嗯,知道了,蒋镜青说,不管叫啥,保密是关键。
詹谷堂站起来,攥着拳头,砰的一声砸在桌子上,桌子的一条腿晃悠悠,过一会儿,才稳定下来!
漆德林说,八弟,老爷子来了。
漆德宗惊讶,站起来说,二伯来了,在哪儿?
一个老者,穿着紫色印有古铜钱的丝绸长袍,一尺多长胡须,颧骨隆起,戴副老花镜,拄着黑漆拐杖,站在门口说,有朋自远方来,欢迎呀。
都站起来了。
蒋镜青也不得不站起来。
蒋镜青猜,此人就是传说中的“老丈”——漆树仁了——此人七十有余,个大,足有长许,当地人都称其为“老丈”。今日一见,顿觉超尘脱俗,暗想,不简单。

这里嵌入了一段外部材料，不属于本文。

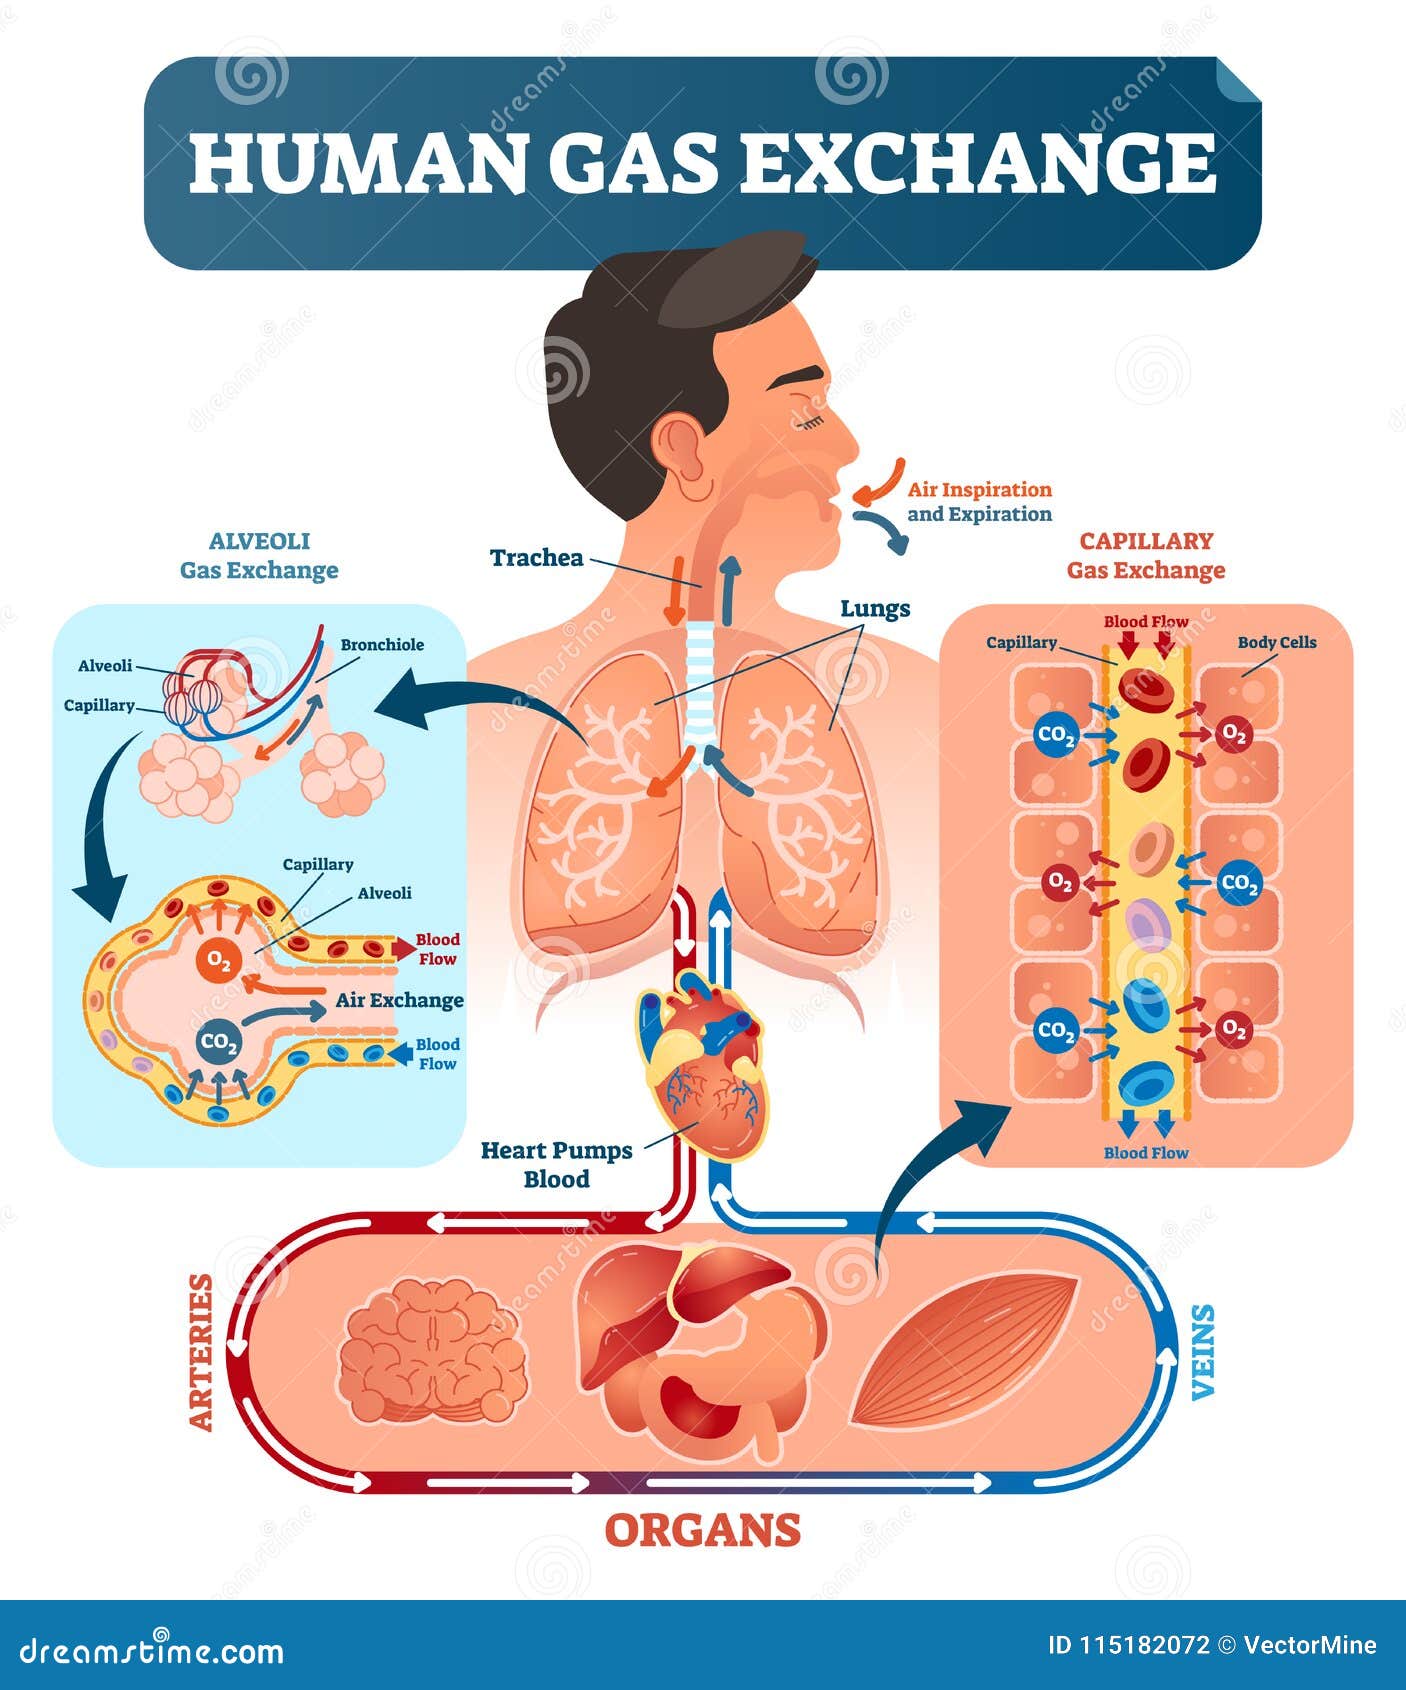 human gas exchange system  . oxygen travel from lungs to heart, to all body cells and back to lungs as co2.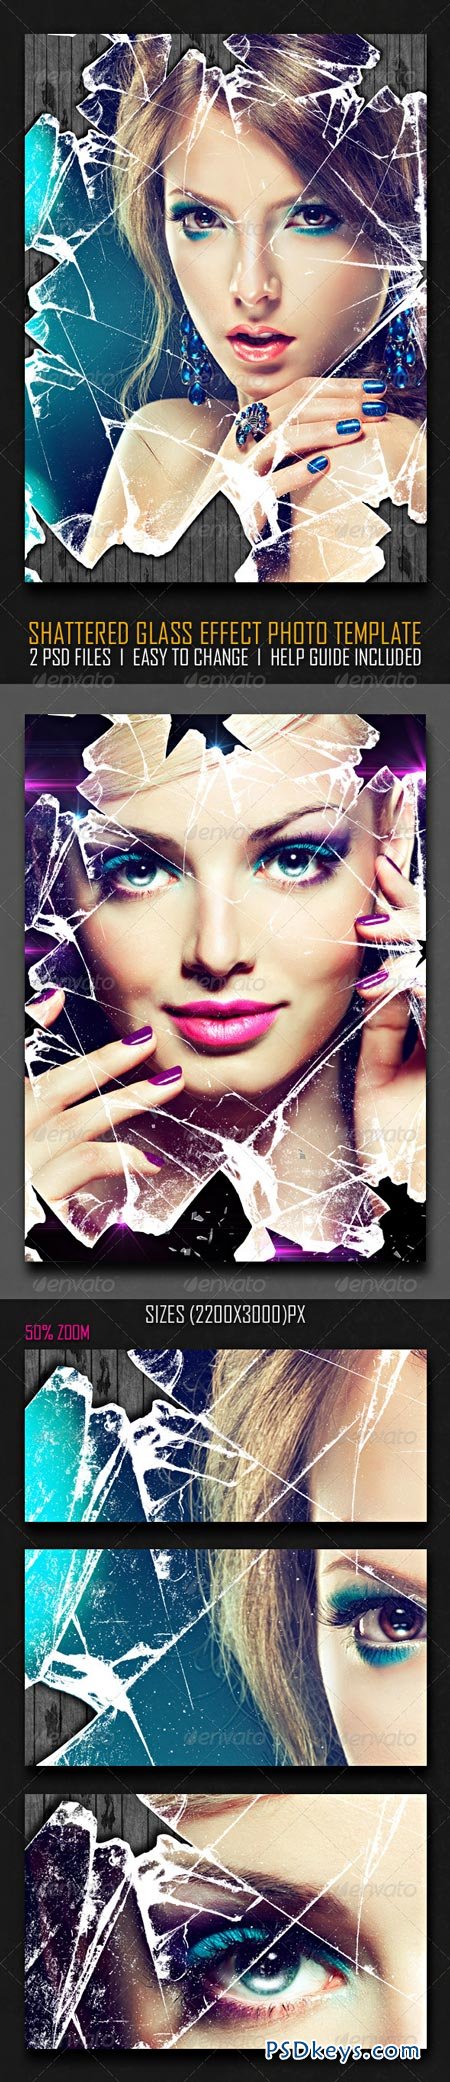 Shattered Glass Effect Photo Template 6521455

老丈,这种称呼,两层意思:一是个高,让人仰慕;二是谐音,意为“依仗”。足见在南溪,此人威望之高,不容忽视。
都站起来了,罗固城也不由自主站了起来。
外面风还在刮,虽说月亮也出来了,但是,月光像刀刮着地上的积雪,反射着寒光。门关着,屋里人多,生有火,炉子燃着,屋里自然热气腾腾。这般冷,又是夜晚,忽然有人到来,不得不令人狐疑。大家都在想,老丈是咋知道的。就在凝固的瞬间,罗固城悄悄移近半步,挡在蒋镜青前面。
这个微小动着,漆树仁看见了,微微皱了一下眉,抬起手,笑说,风虽然大,还不至于让老丈我屈服,不过嘛,小心没有多余的呀。
蒋镜青看他盯着,说了这番话,只觉冷瘦瘦的,不自觉点头哈腰,笑着说,都说南溪有个南山寿翁,今日得见,三生有幸,也让晚辈长见识。
漆德宗抬起手,指着上首,赶紧说,二伯,您,上请。收回手,对漆德会说,把堂屋那把楠木靠椅端来。说过,走过来,搀扶漆树仁进屋。